Statistical analysis

Improvements in AHA (or Mini-AHA) will be compared between study groups using analysis of covariance (ANCOVA) with adjustment for baseline measurements, as recommended by Vickers et al. [59]. Secondary outcome measures will be analyzed using ANCOVA. Non-parametric analyses will be performed whenever ANCOVA assumptions (homoscedasticity and normality) are not met. Age-subgroup (or according to other characteristics) and interaction analyses will be performed for exploratory purposes.

Discussion

This study protocol describes the background and design of a RCT to demonstrate the changes produced by Early HABIT-ILE in comparison with usual activities. We expect e-HABIT-ILE to induce functional, neuroplastic and biomechanical changes as a result of the intense, activity-based rehabilitation carried out during the stage of major central nervous system development. We expect that these changes will impact the whole developmental curve of each child, improving functional ability, activity and participation in the short-, mid- and long-terms.

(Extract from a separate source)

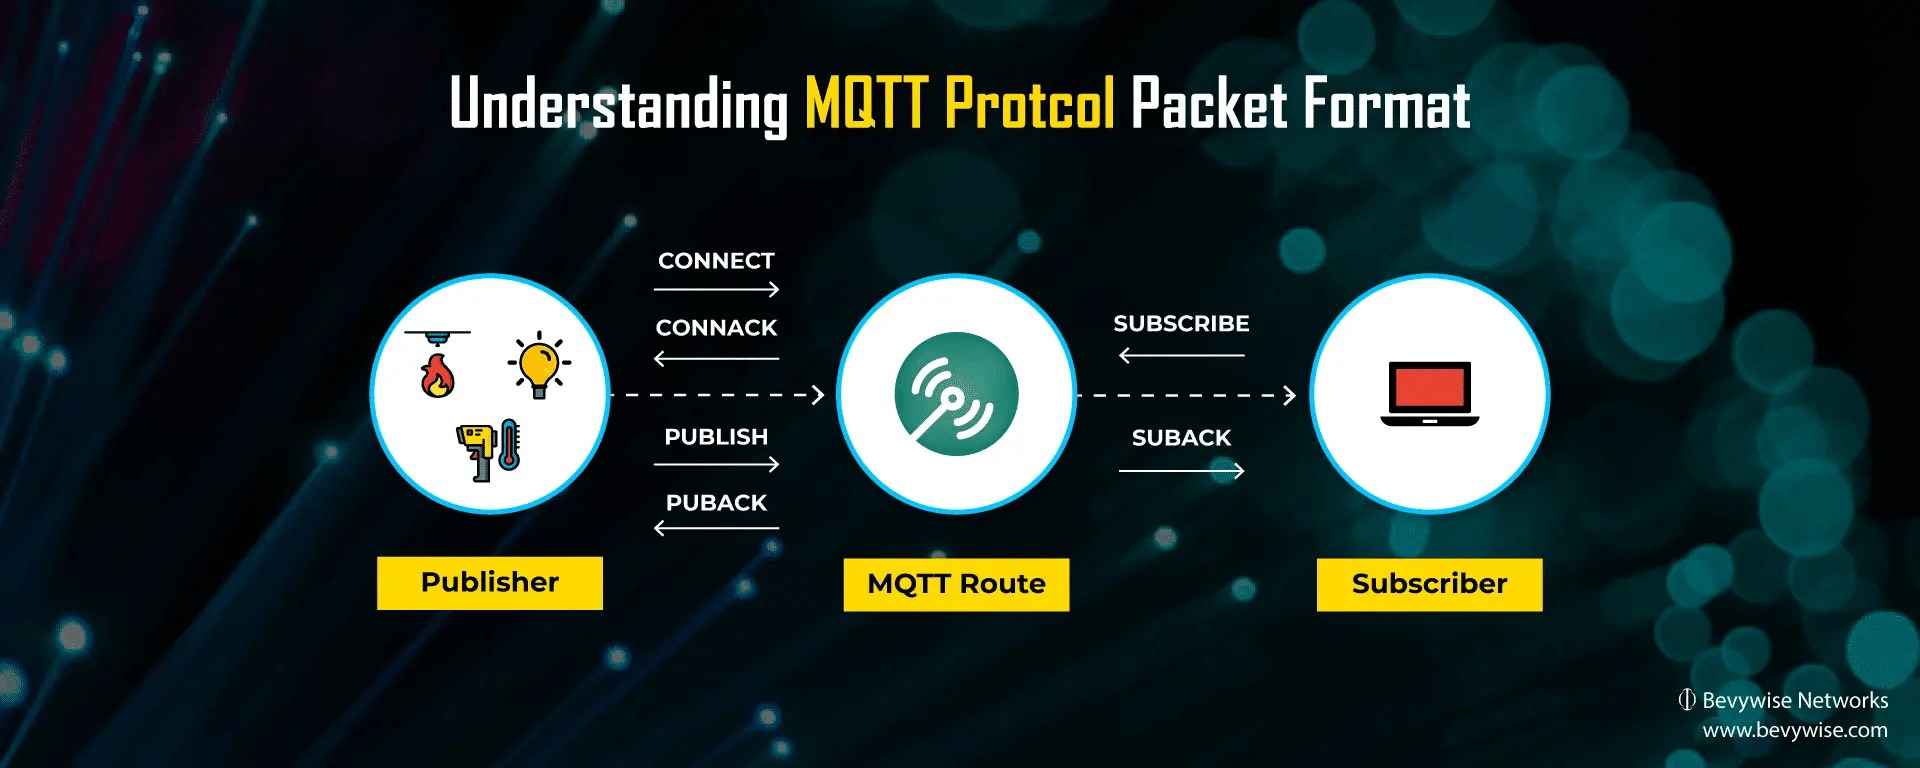 MQTT protocol packet format

The results of this project will be disseminated through peer-reviewed publications and at national and international conferences. If the outcomes demonstrate the effectiveness of e-HABIT-ILE and the dissemination is as large as expected, this should have a world-wide impact on the care of children with CP. The early improvement in the functional capacity of children with CP should reduce the mid- and long-term consequences of the pathology, thus reducing the economic impact of CP on healthcare systems.